The psychology of Trump hate

The Left routinely pour out anger, hated and contempt towards Republican Presidents. The only near-exception was Ronald Reagan.  He was very hard to hate so they mostly settled on contempt for him.  He actually got all his transformative policies through a Democrat Congress!

And a sentimental Christian gentleman -- George Bush II -- was excoriated as a new Hitler!



But Trump has caused the hate to rise to a new level.  The Left have exploded with hate during his Presidency. Even the tiniest thing Trump says or does is fodder for derogatory mention. The thing that symbolizes the Leftist attitude towards Trump for me is the icecream "affair".  At a small White House dinner for some journalists, Trump asked for an extra scoop of icecream with his dessert.  The media went wild!  How contemptible to ask for an extra scoop of icecream!  Who does he think he is?  Oliver Twist or something?  The triviality of it is mind-blowing.



Much wisdom has been written about Trump hatred but I want to take an analysis of it down to the psychological level. I want to relate it to the basics of the Left-Right polarity. And at its psychological fons et origo the Left Right polarity is very simple.  Conservatives are the contented people and Leftists are the discontented people. Conservatives don't think the world is perfect but they can happily live with it. For Leftists, on the other hand, departures from the ideal burn them up.  So how has Trump affected that?

When you are discontented with something you tend to be angry about it and want to change it. So we have the unending stream of mostly addled Leftist proposals for "reform". What the proposals are varies almost from day to day but there is always that simmering discontent motivating them. The problems at the Southern border, for instance, went from non-existent to a humanitarian disaster almost overnight.

The sad thing is that the Left are mostly up against what philosopher Gottfried Wilhelm Leibnitz pointed out a couple of hundred years ago:  Maybe we live in the best of all possible worlds.  Leibnitz didn't mean that seriously.  He set it as a question that should be asked before we change something. The point being that some bad things are necessary to some good things and vice versa.

Current politics have a rather clear example of that.  It would be good and nice and kind if we could abolish America's borders -- as the Left propose -- and thus give all the poor of Latin America access to a better lifestyle.  How good, kind and noble the Left are to propose such a beneficial change!  The bad thing is that we cannot do that and must have defended borders if America is not to be flooded by people with the attitudes, values  and customs that have made their own countries cesspits of violence and corruption.  America already has plenty of troublesome people within its borders.  The last thing it needs is more of them. Opening the borders (good) would lead to a widespread collapse in civility (bad)
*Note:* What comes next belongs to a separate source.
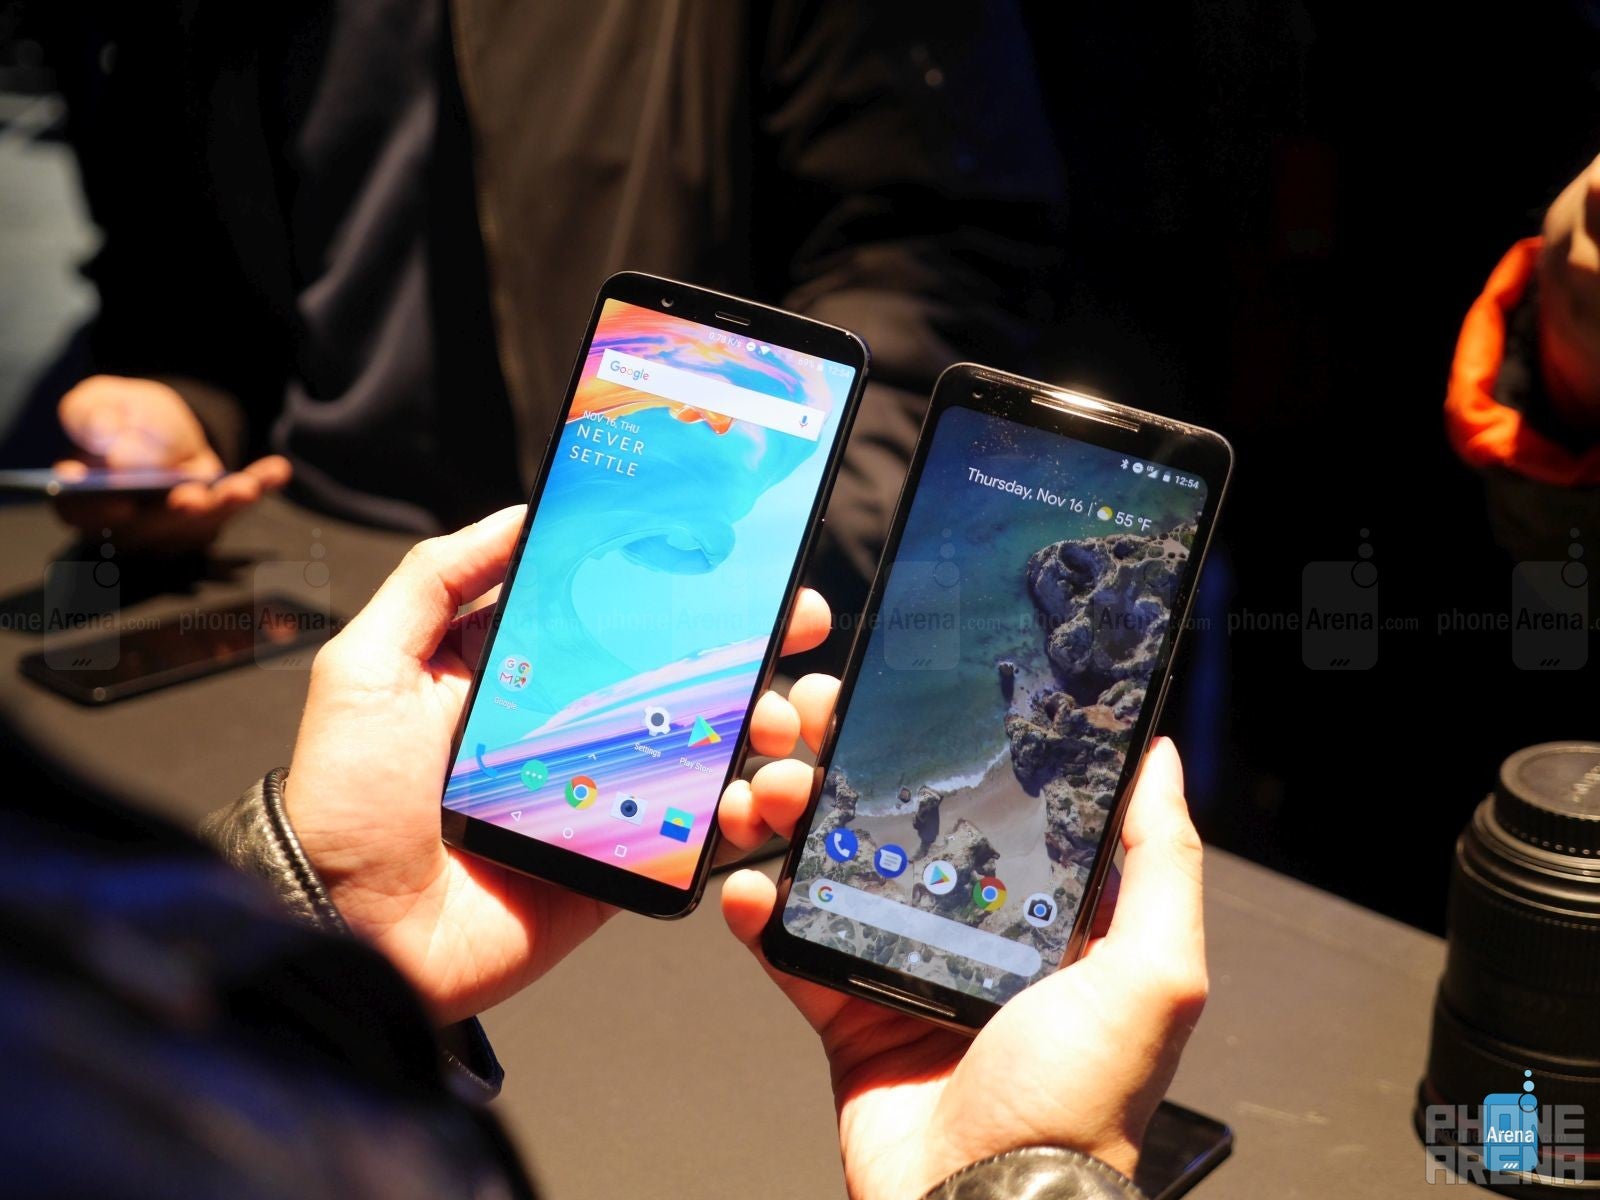 OnePlus 5T vs Google Pixel 2 XL: first look

So the Left are usually up against it.  The arrangements that have stood the test of time are pretty much the best we can do.  They are an existing balance that maximizes the good without falling too far into the bad.  So any change will usually disrupt that and cause "unforeseen" bad side effects.

The bad effects are not however really "unforeseen.  Conservatives foresee them regularly and warn Leftists about them.  But the Left are so obsessed with the bad things that they see that they close their ears to any information that might distract them from the "good" that they want to do.  So we have things like the Affordable Care Act (Obamacare) that made health insurance UNaffordable for many.  Conservatives certainly warned vigorously against it before its enactment and it got not one vote from the Right side of the house.



So the Left are constantly in a state of frustration. The "good" that they try to do almost always rebounds against them and causes them to become unpopular instead of popular -- and loses them votes. Obamacare undoubtedly helped put Trump in office.  Would anybody suddenly hit with $10,000 deductibles vote Democrat?

But the Left have gradually got some of their way over the years,  despite the generally impoverishing effect of their policies. They have, for instance, got America to bow down before the false God of global warming despite the huge and futile cost of windmills, solar panels etc.  Had all that money been spent on repairing and upgrading America's roads, bridges and highways, everybody would have been much better off.

And the Obama/Clinton regime gave them hope of a lot of progress towards their imagined ideal world.  Americans were regulated within an inch of their lives.  The stage was set for the emergence of a new "sustainable" Eden.  Obama had generated much ecstasy and Clinton was clearly committed to continue the march towards that new but elusive Eden where we would all be ants in a great Leftist anthill.  From Hegel on that has been the Leftist vision.

But what they were up against was the wish of many Americans not to be antlike robots obeying every addled command from on high.  The ever-changing enthusiasms of the Left were far from universally shared.  And when Leftists see "racism" under every bed they certainly depart from how most Americans see things.

One thing that has changed little over the years is the Leftist  obsession with race.  Before WWII, they were for the white race, now they are against the white race but they remain racists.  With "affirmative action" and "diversity" it is all about race for them.  Almost comically, however, they deny being racists and constantly accuse everybody else of being racists. They explain their race consciousness as an attempt to do good so, in their simplistic way, any other thinking about racial differences is bad.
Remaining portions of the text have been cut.